▶ _Data excerpt_
= Beginning of Section =

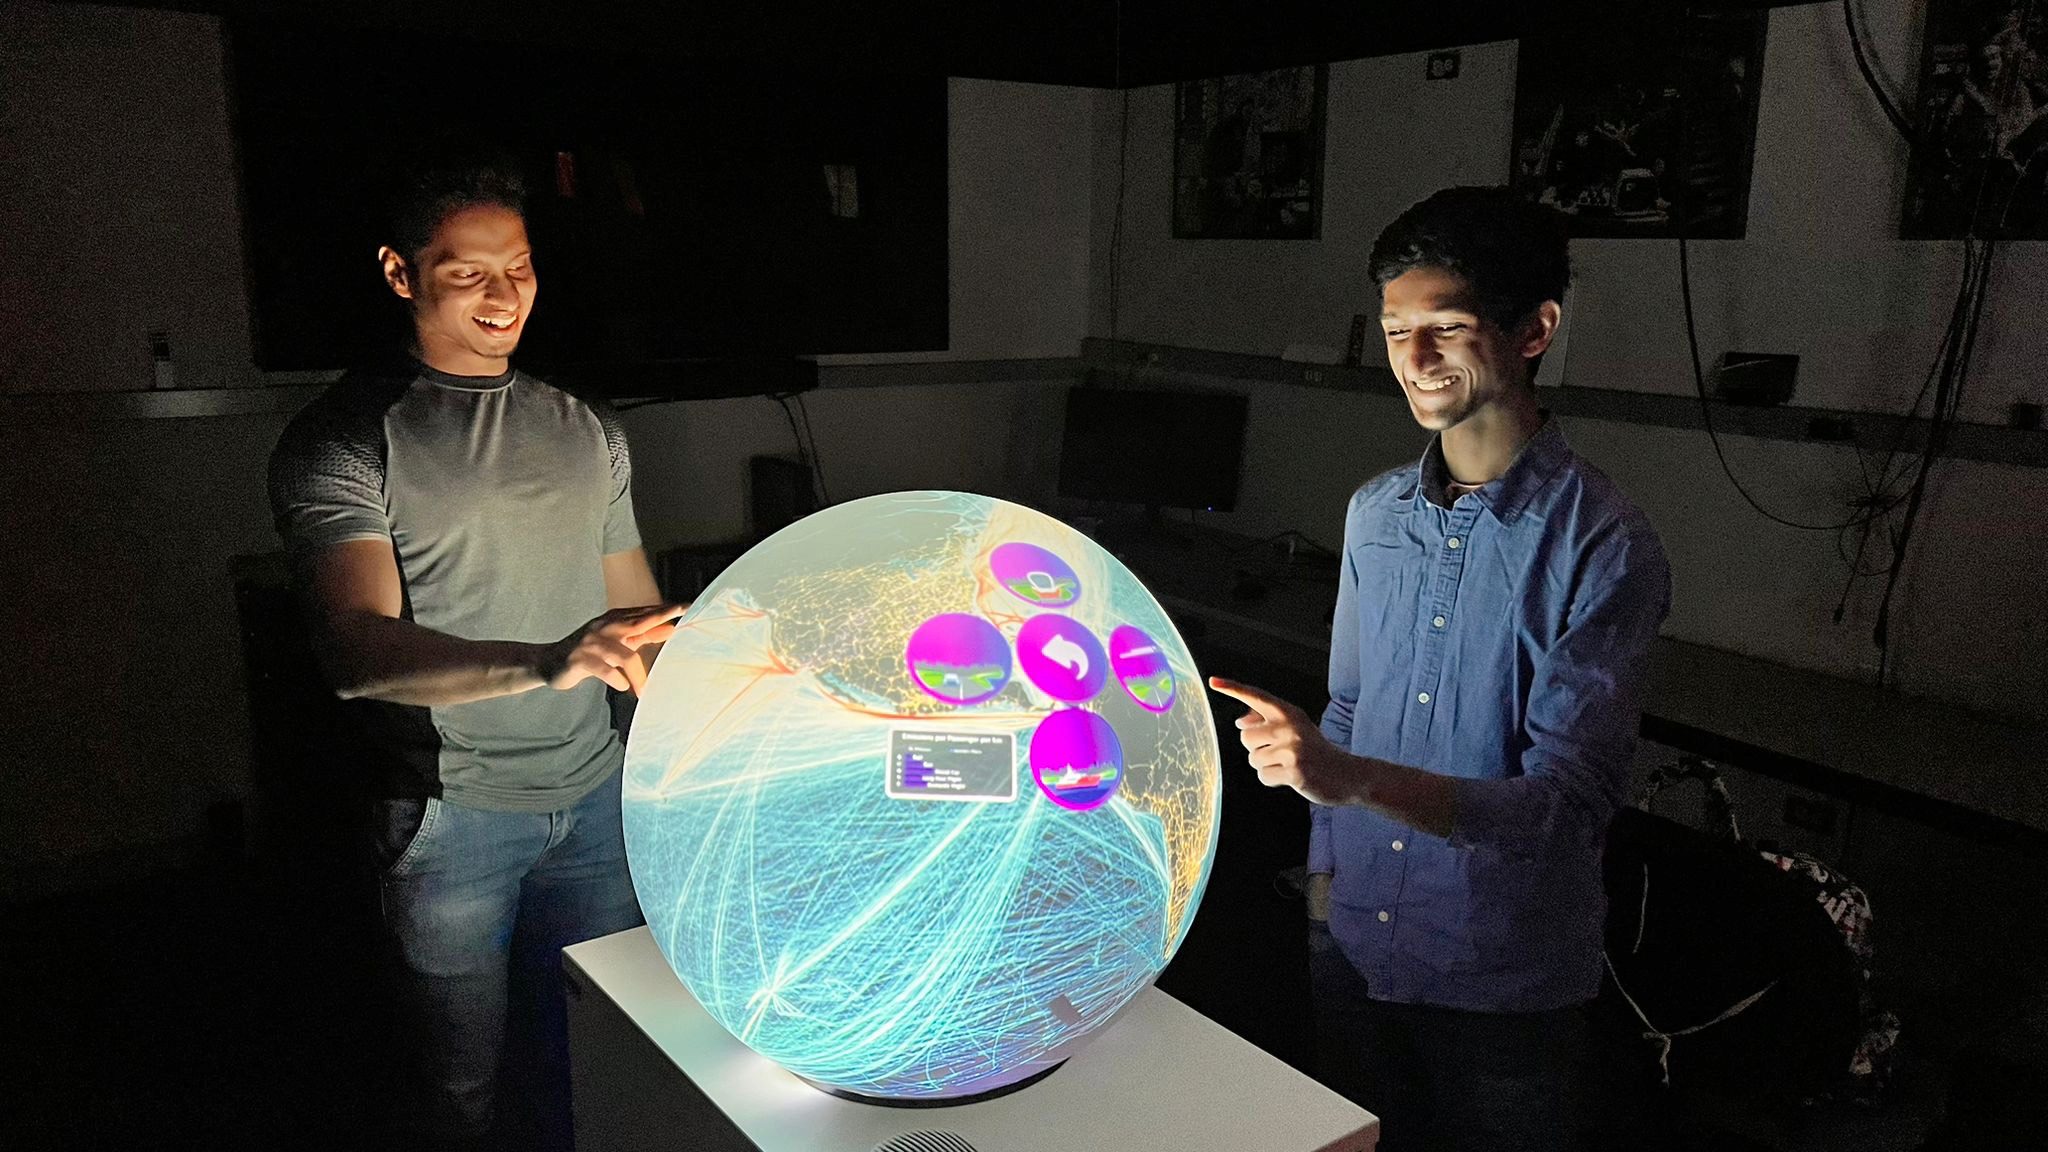 The data visualization application running on the multi-touch spherical display was developed by <a href="https://pufferfishdisplays.com/">Pufferfish.Ltd.</a>
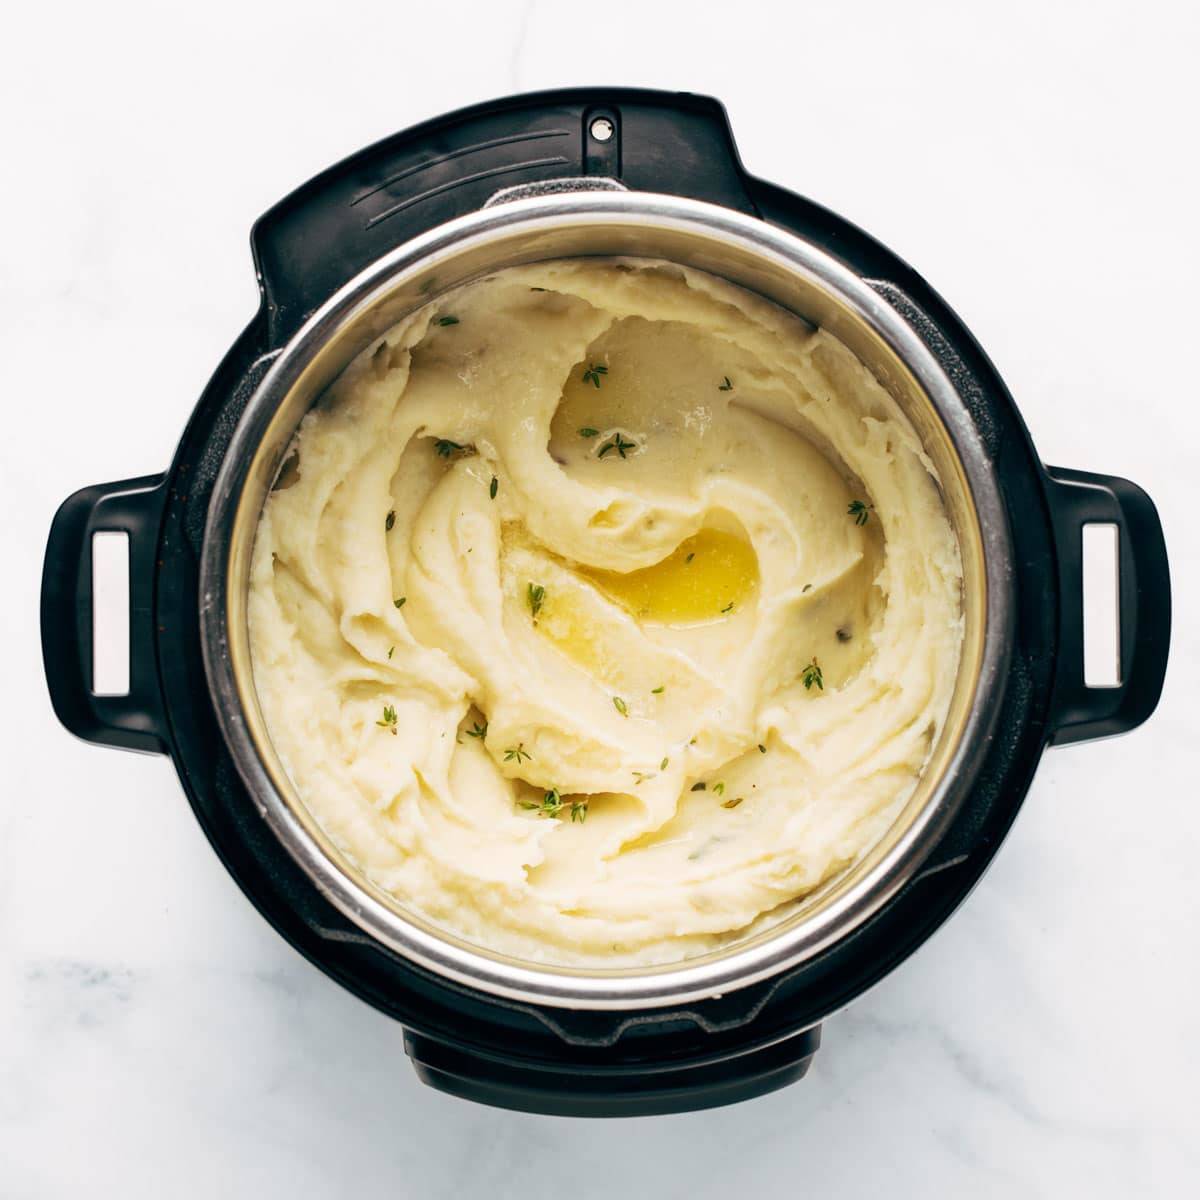 Mashed potatoes in the Instant Pot.
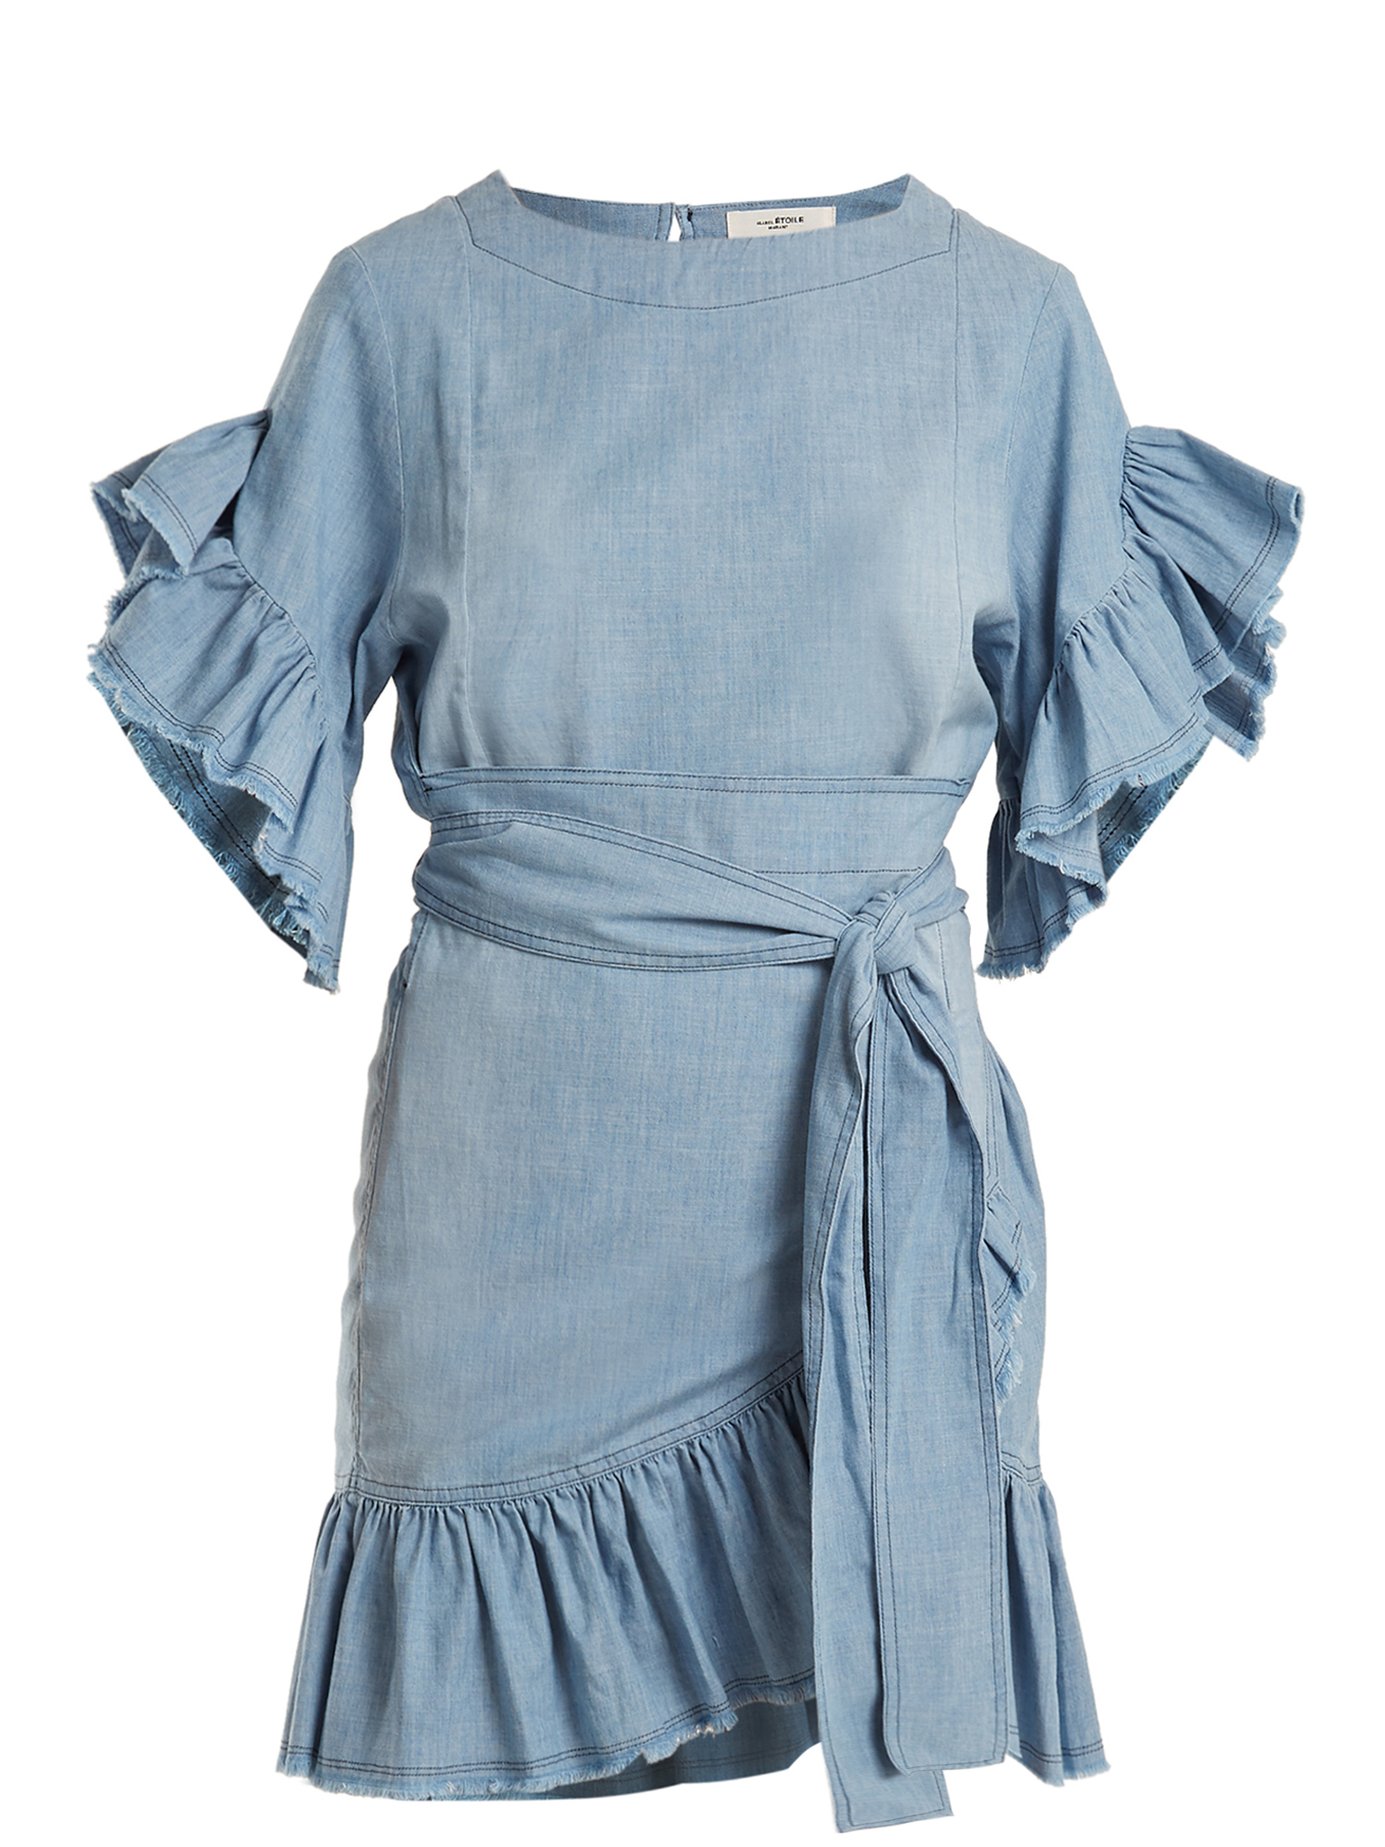 Isabel Marant Étoile - Lelicia Chambray Dress - Light Blue | ABOUT ICONS
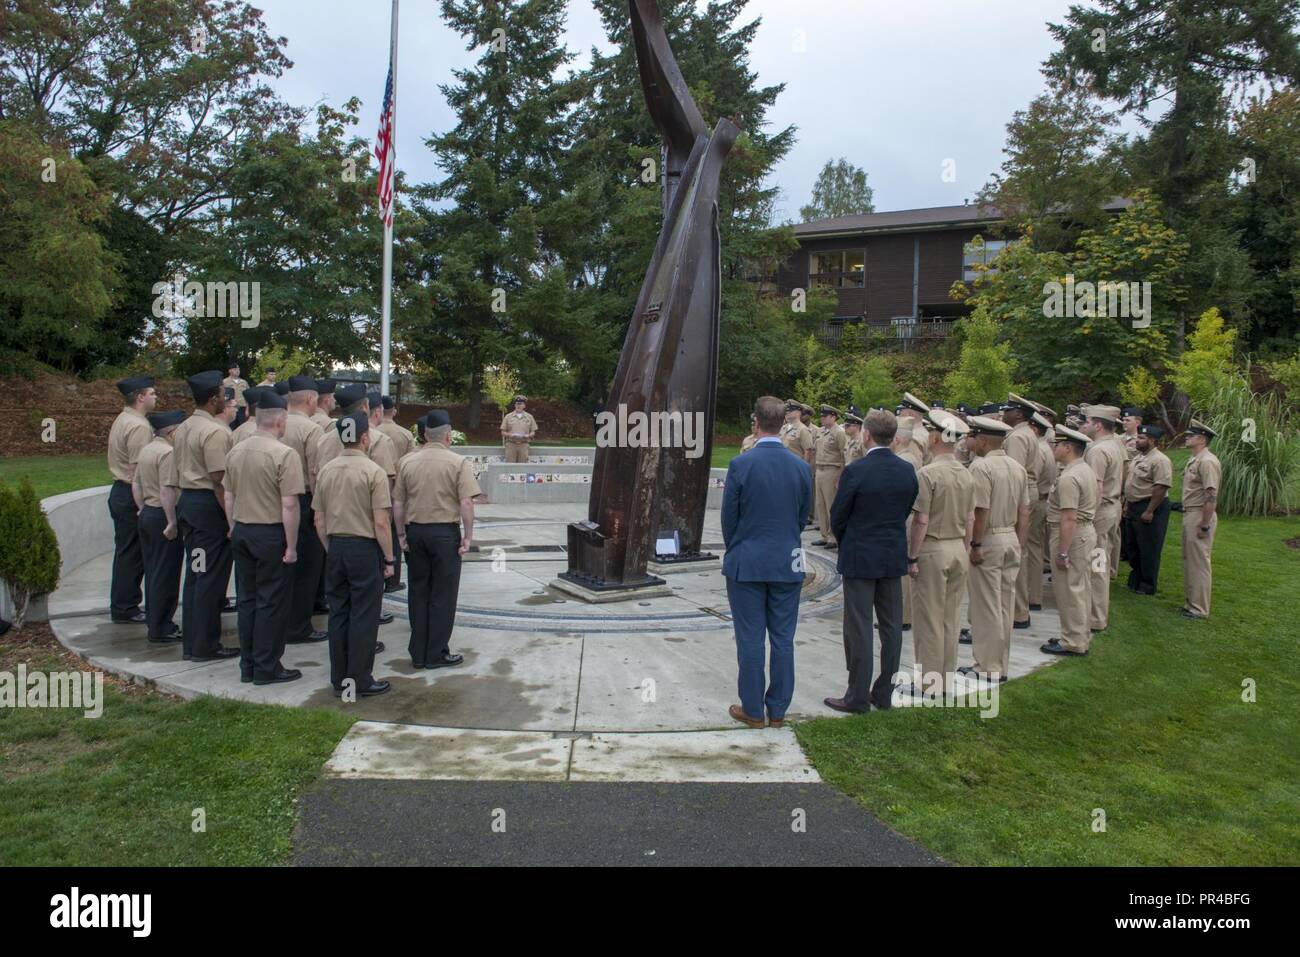 BREMERTON, Wash. (Sept. 11, 2018) Chief Electrician's Mate Anthony Vezina, assigned to Submarine Development Squadron (DEVRON) 5, delivers remarks during a 9/11 Remembrance Ceremony held at the Kitsap 9/11 Memorial. The ceremony, held by the 2019 DEVRON 5 Chief Petty Officer Selects, marks the 17th anniversary of the 9/11 attacks and honors those who lost their lives that day. Stock Photo

= End of Section =

▶ _Your instructions_
Print the full listing again exactly, and drop every image from it.

▶ _Task solution_
 The data visualization application running on the multi-touch spherical display was developed by <a href="https://pufferfishdisplays.com/">Pufferfish.Ltd.</a>
 Mashed potatoes in the Instant Pot.
 Isabel Marant Étoile - Lelicia Chambray Dress - Light Blue | ABOUT ICONS
 BREMERTON, Wash. (Sept. 11, 2018) Chief Electrician's Mate Anthony Vezina, assigned to Submarine Development Squadron (DEVRON) 5, delivers remarks during a 9/11 Remembrance Ceremony held at the Kitsap 9/11 Memorial. The ceremony, held by the 2019 DEVRON 5 Chief Petty Officer Selects, marks the 17th anniversary of the 9/11 attacks and honors those who lost their lives that day. Stock Photo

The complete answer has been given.